Les Glaoui ou Mezouari, de leur nom d’origine, formaient initialement une seigneurie locale de Telouat, dans la région de Ouarzazate, dans le versant sud du haut atlas central. Ils se sont établis autour du Tizi n’ Tichka, qui s’appelait d’ailleurs Tizi n’ ou Glaou, soit le col du Glaoui. Cette famille, qui a hérité de la richesse de leurs ancêtres, a pris de l’importance sous le règne de Moulay Abderrahmane (1822-1859) qui, par dahir, leur octroie le titre de caïds du versant sud de l’Atlas. Les Glaoui passent donc de simples cheikhs d’Amghrar à celui de précepteurs d’impôts dans toute la région. C’est le début de leur montée en puissance puisqu’ils ne sont plus seulement des gardiens des us et coutumes d’un système tribal amazigh, mais désormais garants du droit religieux, le «chraâ» directement rattaché au pouvoir makhzénien. L’histoire de cette famille est également rattachée à une filiation chérifienne, quifait donc de ses membres des descendants du Prophète par les Idrissides, puis par les Saâdiens. Or, il faut se méfier de la véracité de cette affiliation qui sacralise en quelque sorte les chérifs, qui sont détenteurs d’une sorte de «baraka» les plaçant au dessus de la masse. Les Glaoui, comme tant d’autres, avaient besoin de ce titre dans leur quête d’une puissance légitime.

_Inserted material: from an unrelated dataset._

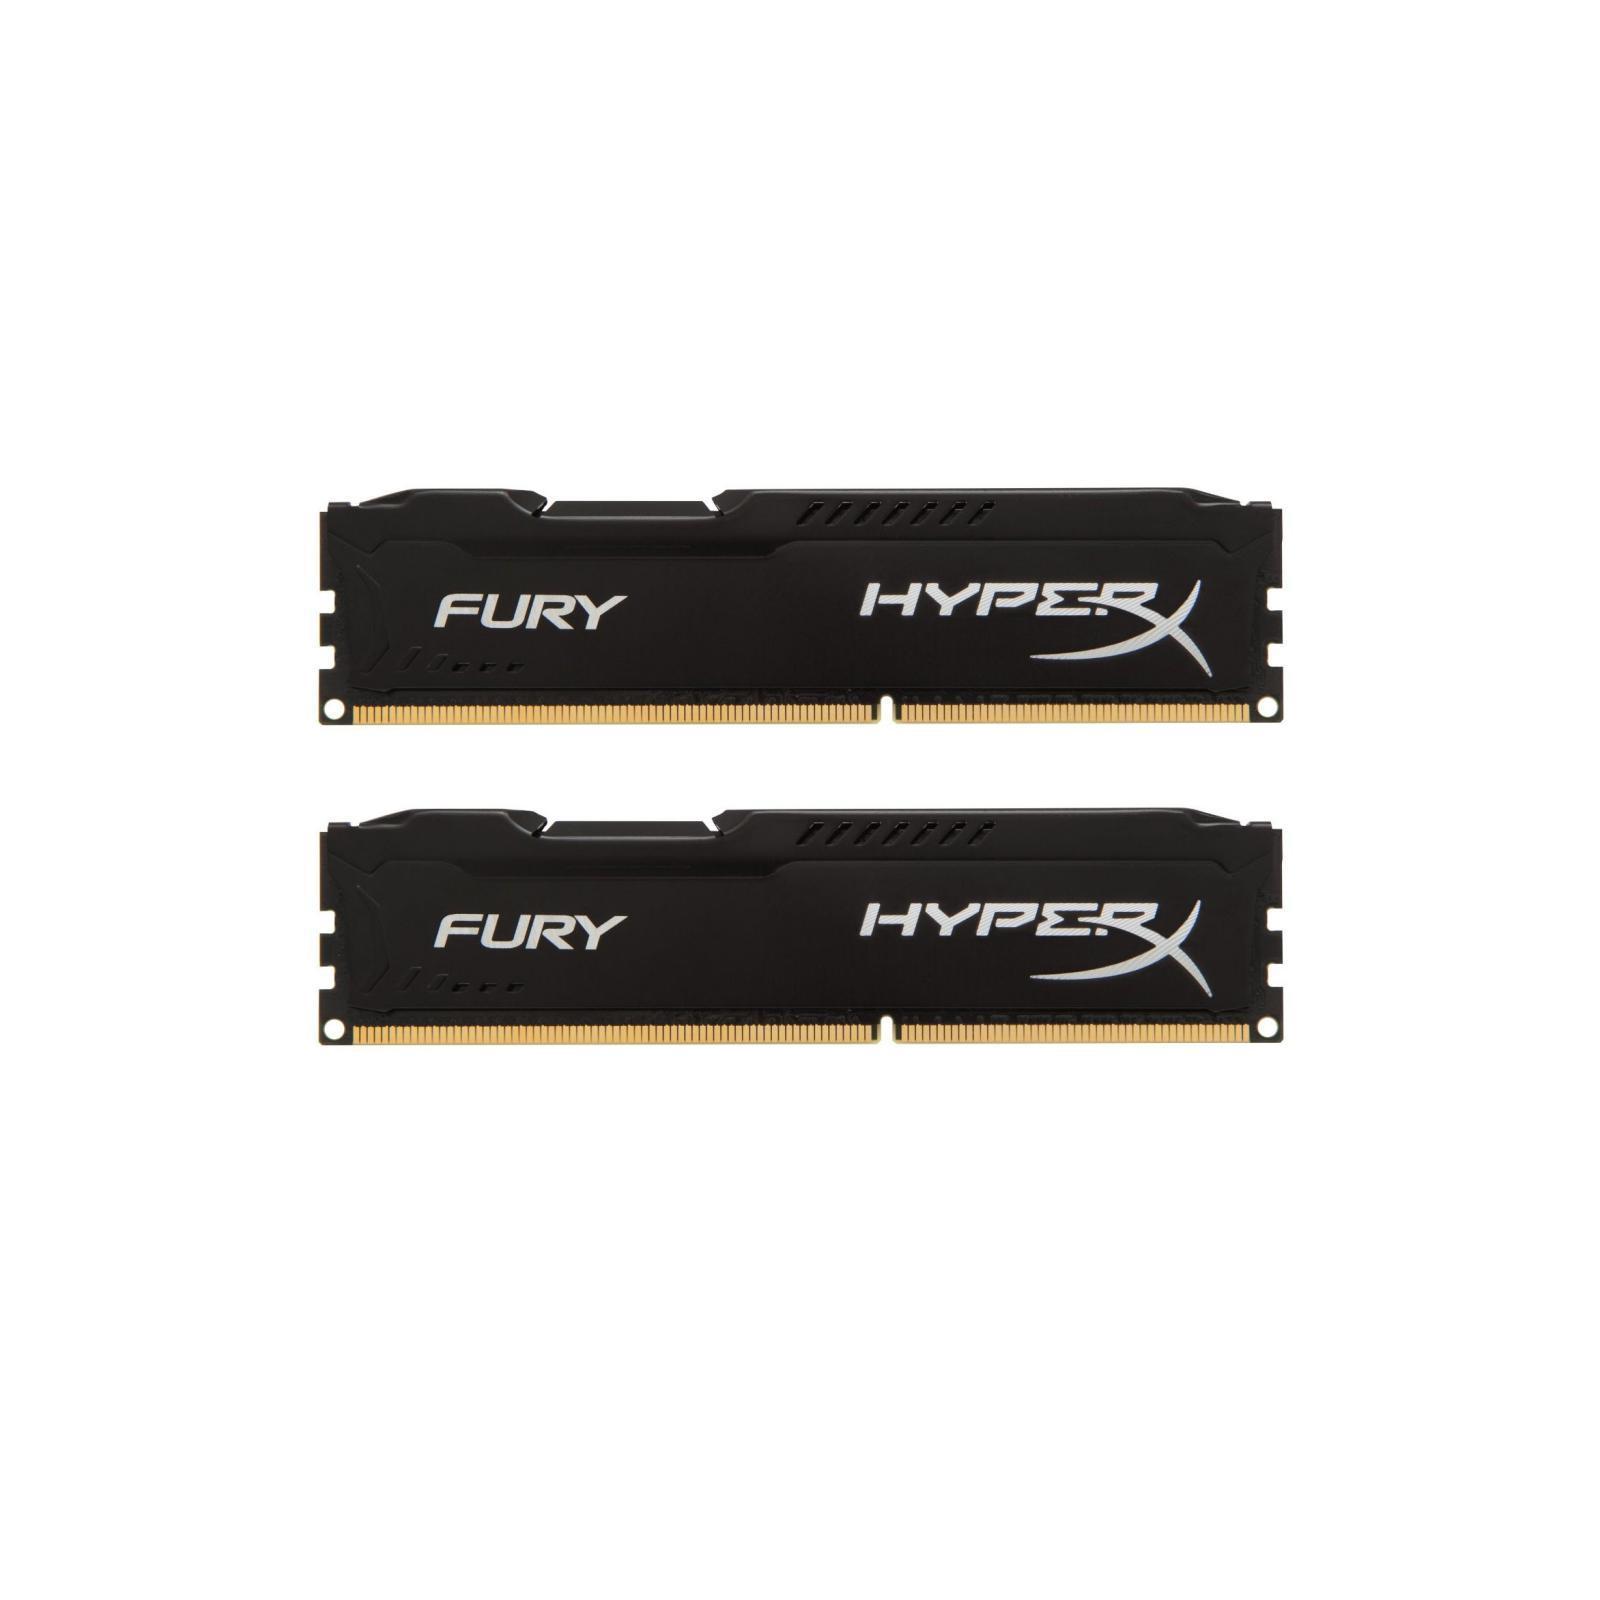 Модуль памяти для компьютера DDR4 32GB (2x16GB) 3466 MHz HyperX FURY Black HyperX (Kingston Fury) (HX434C19FBK2/32)
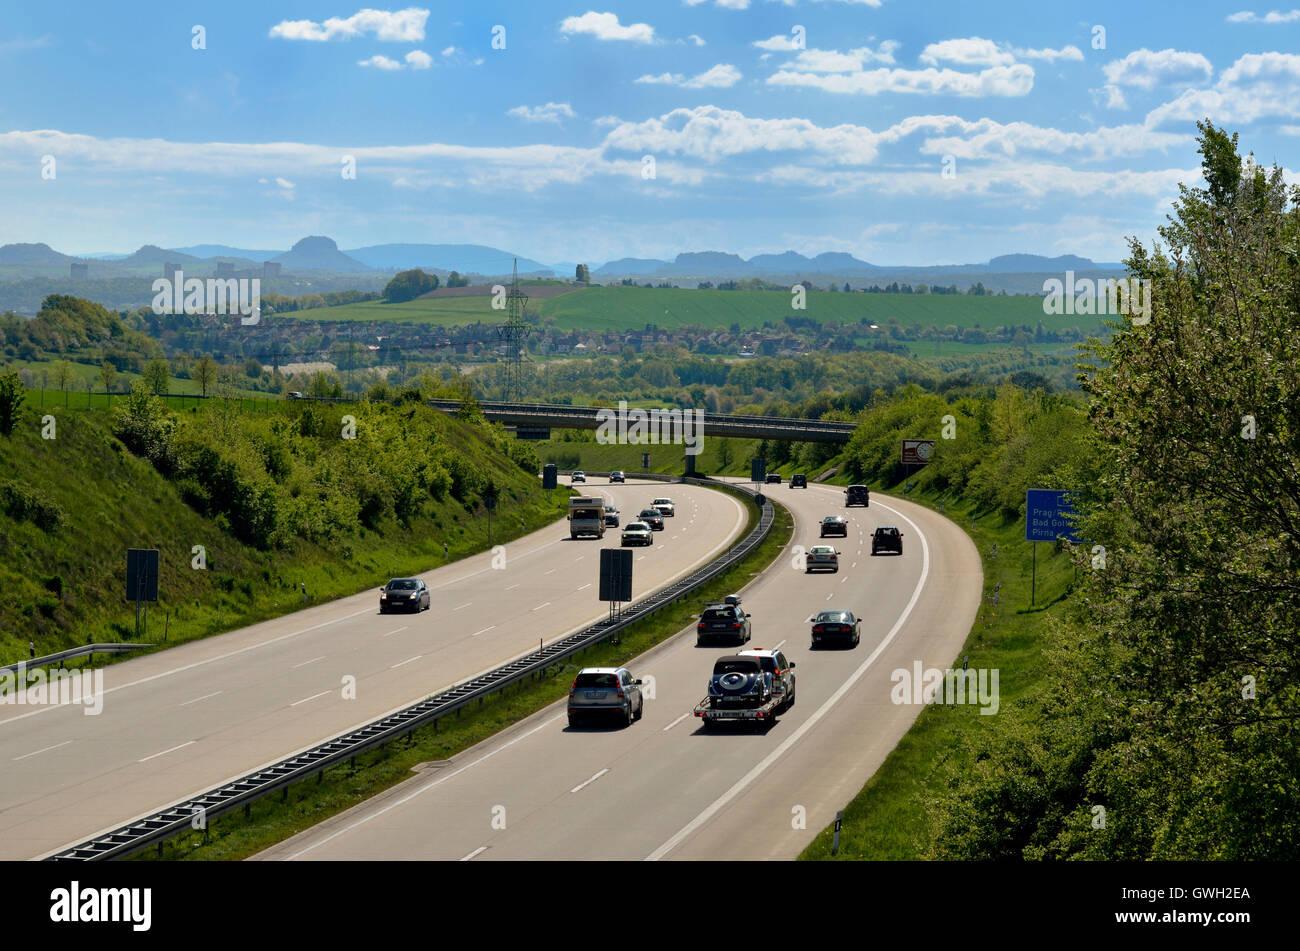 Autobahn A 17, Autobahn A 17 Vor Dem Elbsandsteingebirge Stockbild

Comment les Glaoui ont-ils renforcé leur lien avec le Makhzen avant l’instauration du Protectorat ?
Dans la seconde moitié du XIXèmesiècle, le Maroc est au plus mal. Les défaites militaires successives face à la France à Isly (1844), puis l’Espagne à Tétouan (1860), ont réduit son économie à néant. Afin de payer les indemnités et les dettes de guerre, le sultan a en quelque sorte hypothéqué l’économie tribale du pays. Les Glaoui ont été sollicités par le Makhzen pour contribuer à l’effort financier et, en contrepartie, ont pu récolter tous les impôts du sud de l’Atlas. Outre l’exploitation d’un important gisement de sel, la tribu est devenue l’autorité suprême dans de vastes régions du Maroc, engrangeant ainsi une plus grande fortune encore. Les liens avec le Makhzen se resserrent davantage sous Moulay Hassan (1873-1894), qui offre du matériel militaire à la tribu dont une pièce du terrible canon Krupp. Un avantage dont sait tirer profit Madani El Glaoui, chef de la tribu.